1: lo: <LOOPBACK,UP,LOWER_UP> mtu 65536 qdisc noqueue state UNKNOWN group default qlen 1000
link/loopback 00:00:00:00:00:00 brd 00:00:00:00:00:00
inet 127.0.0.1/8 scope host lo
valid_lft forever preferred_lft forever
inet6 ::1/128 scope host
valid_lft forever preferred_lft forever
2: oob_net0: <BROADCAST,MULTICAST> mtu 1500 qdisc noop state DOWN group default qlen 1000
link/ether 00:1a:ca:ff:ff:03 brd ff:ff:ff:ff:ff:ff
altname enamlnxbf17i0
3: tmfifo_net0: <BROADCAST,MULTICAST,UP,LOWER_UP> mtu 1500 qdisc fq_codel state UP group default qlen 1000
link/ether 00:1a:ca:ff:ff:03 brd ff:ff:ff:ff:ff:ff
inet 192.168.100.2/24 brd 192.168.100.255 scope global tmfifo_net0
valid_lft forever preferred_lft forever
inet6 fe80::21a:caff:feff:ff03/64 scope link
valid_lft forever preferred_lft forever
4: p0: <BROADCAST,MULTICAST,UP,LOWER_UP> mtu 1500 qdisc mq state UP group default qlen 1000
link/ether 0c:42:a1:a4:8a:50 brd ff:ff:ff:ff:ff:ff
altname enp3s0f0np0
inet6 fe80::e42:a1ff:fea4:8a50/64 scope link
valid_lft forever preferred_lft forever
5: p1: <BROADCAST,MULTICAST,UP,LOWER_UP> mtu 1500 qdisc mq state UP group default qlen 1000
link/ether 0c:42:a1:a4:8a:51 brd ff:ff:ff:ff:ff:ff
altname enp3s0f1np1
inet6 fe80::e42:a1ff:fea4:8a51/64 scope link
valid_lft forever preferred_lft forever
更新Bluefield固件
在DPU内执行下述命令,更新DPU固件。
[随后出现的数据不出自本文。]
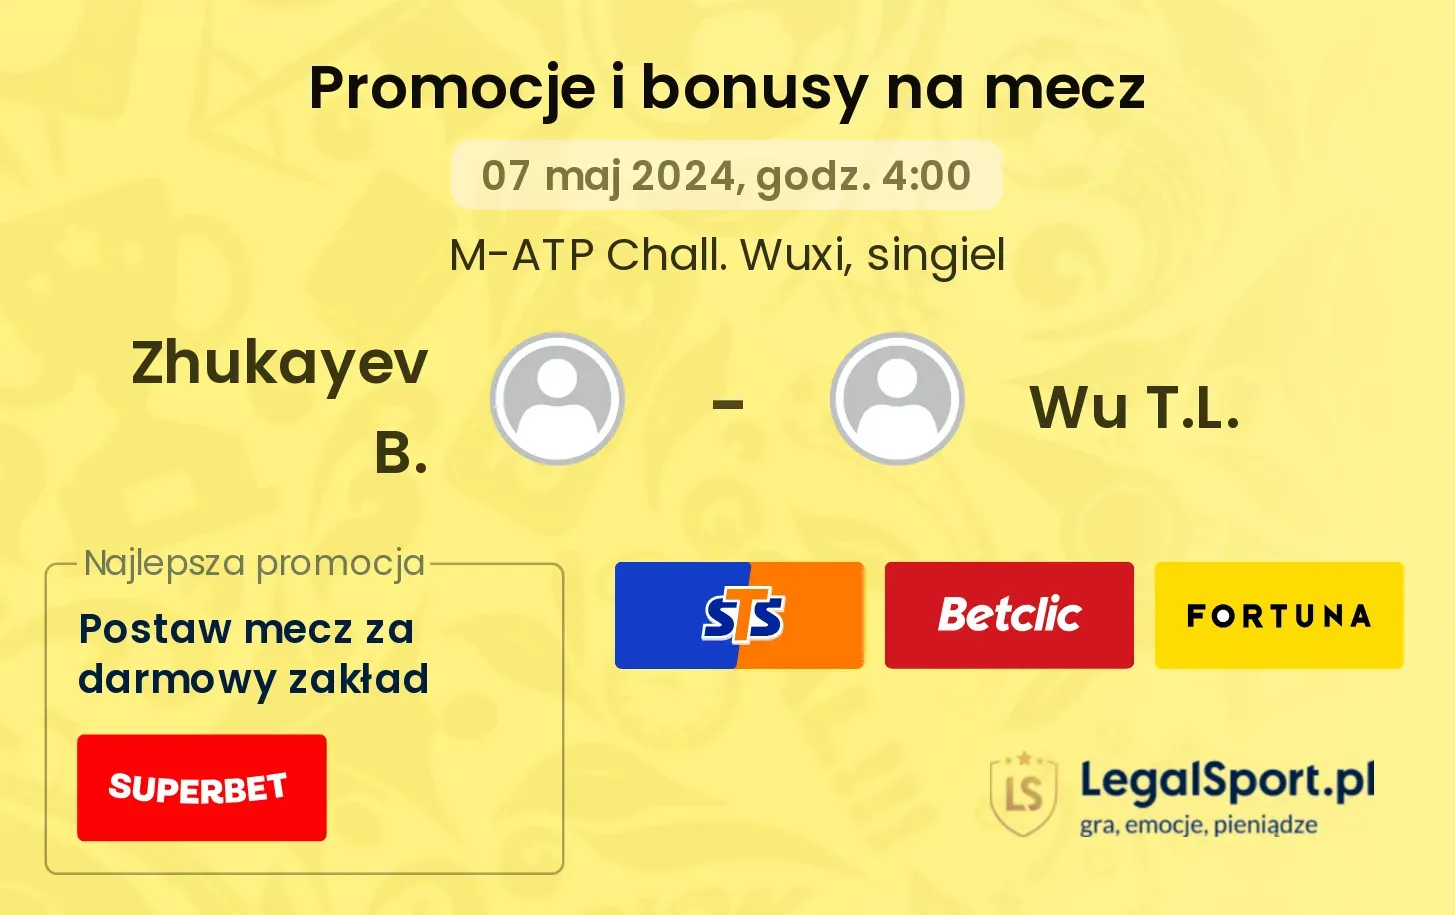 Zhukayev B. - Wu T.L. promocje bonusy na mecz

(如果是OEM的DPU卡,可能此环节会失败)
# sudo /opt/mellanox/mlnx-fw-updater/mlnx_fw_updater.pl --force-fw-update
通过下述任意一种方式使更新生效。
1.Host和DPU上执行
# sudo mst start
2.DPU上执行
# sudo mlxfwreset -d /dev/mst/mt41686_pciconf0 --sync 1 -y reset
如果此步骤失败,则使用步骤3
3.重启Host
至此DOCA的安装过程结束。
修改Bluefield工作模式
如果出现SSH进DPU内部发现没有 hpf、sf后缀的设备,也没有出现ovsbr前缀的网桥,说明该DPU的工作模式不正确。此时需要根据本节内容修改Bluefield工作模式。
检查工作模式
检查DPU工作模式,如果Current为SEPARATED_HOST,说明DPU工作在NIC模式下,请将其修改为DPU模式。
# sudo mlxconfig -d /dev/mst/mt41686_pciconf0 -e q
Device #1:
----------
Device type: BlueField2
Name: MBF2H516A-CENO_Ax
Description: Bluefield-2 SmartNIC 100GbE Dual-Port QSFP56; PCIe Gen4 x16; Crypto Disabled; 16GB on-board DDR; 1GbE OOB management; FHHL
Device: /dev/mst/mt41686_pciconf0
Configurations: Default Current Next Boot
Array[0..7]
* INTERNAL_CPU_MODEL EMBEDDED_CPU(1) SEPARATED_HOST(0) SEPARATED_HOST(0)
修改工作模式
修改工作模式为DPU模式。
# mlxconfig -d /dev/mst/mt41686_pciconf0 s INTERNAL_CPU_MODEL=1
注意,修改完成后,按官方指南中的重启操作不生效的话,请在修改完工作模式后,使用下述命令,然后再重启。
# sudo mlxfwreset -d /dev/mst/mt41686_pciconf0 --sync 1 -y reset
HBN部署
HBN的部署与DPU初始化环节类似,需要写入相关的配置文件及镜像。
生成Bluefield配置文件
在前述的DPU初始化环节,bf.cfg文件中写入下述内容。因为‘HBN requires service function chaining (SFC) to be activated on the DPU before running the HBN service container‘.所以必须开启SFC。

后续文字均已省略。